Washington (AFP)
A team from the University of Southern California has developed an 88 milligram robot that moves, climbs and carries loads using artificial muscles, after solving a problem that has long held engineers in check: the source of energy on such small robots.
They named their robot "RoBeetle", or beetle robot. It is only 15 millimeters in length, which makes the robotic beetle "one of the lightest and smallest autonomous robots ever created," its inventor, Xiufeng Yang, told AFP.
"We wanted to create a robot whose weight and size would be comparable to those of real insects", adds the researcher, first author of the article describing the invention Wednesday in the journal Science Robotics.

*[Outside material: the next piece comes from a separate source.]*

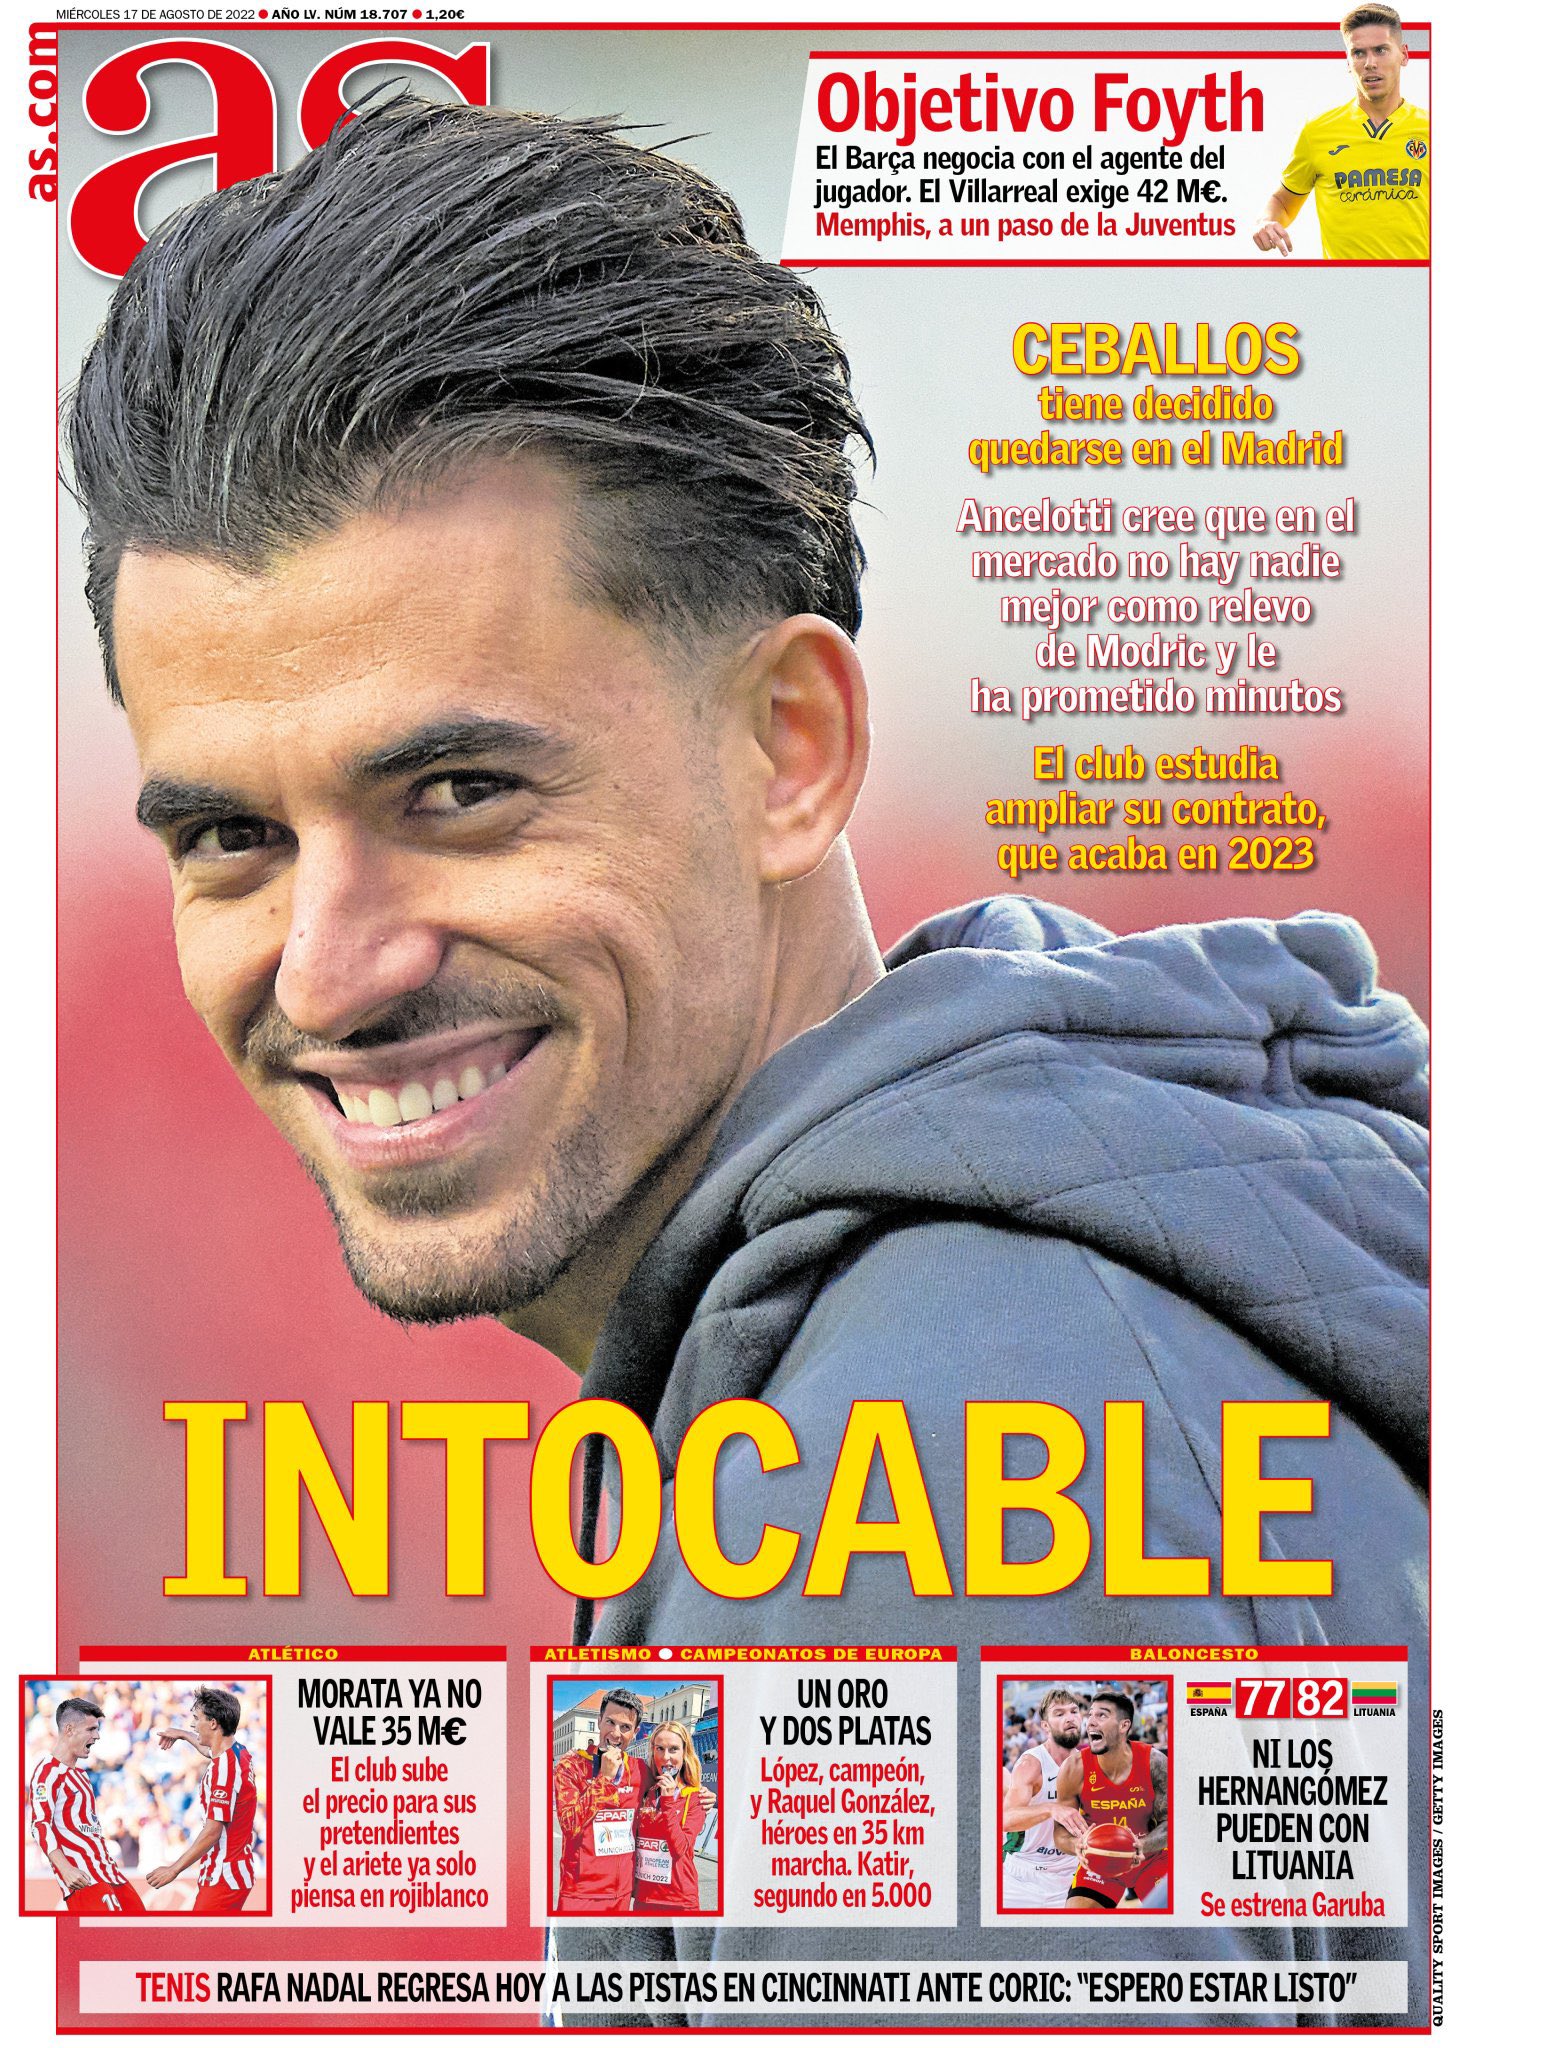 Real Madrid Info ³⁵ on Twitter: "🗞 AS's Cover | Untouchable: Ceballos has  decided to stay in Madrid. https://t.co/rO8WqNILFW" / Twitter

Most robots need electric motors to move forward, and therefore batteries. But the smallest existing batteries weigh between 10 and 20 times more than the 50 milligram beetle the team took as a reference animal.
Xiufeng Yang's team therefore developed an artificial muscular system based on a liquid fuel, in this case methanol, capable of providing ten times more energy than a battery of identical mass.
Muscles are made of an alloy of nickel and titanium wires (Nitinol) which contract lengthwise when heated (unlike most metals, which lengthen). The heat was caused by the contact between the methanol vapor emanating from the tank and a catalyst sheathing the wires (a platinum powder).
The steam heated the wires, the "muscles" contracted, then microvalves automatically stopped the combustion, and the muscles stretched again, triggering the reopening of the valves and a new cycle of contraction-extension of the muscles, until exhaustion. of the tank.
The system was able to move the beetle's front legs forward on flat surfaces, like glass, or rough, like the top of a mattress, for up to two hours in a row - with up to 2.6 times its weight on the back.
By comparison, "the smallest four-legged battery-powered robot weighs one gram and operates for about 12 minutes," Xiufeng Yang said.
What can these mini-robots be used for? Infrastructure inspections, rescue missions after a natural disaster, even artificial pollinations or environmental monitoring programs.
But for the time being, the lack of on-board electronics, and the fact that it only knows how to move forward, limit its usefulness, point out roboticists Ryan Truby and Shuguang Li, of MIT and Harvard respectively, in a commentary published by the same journal.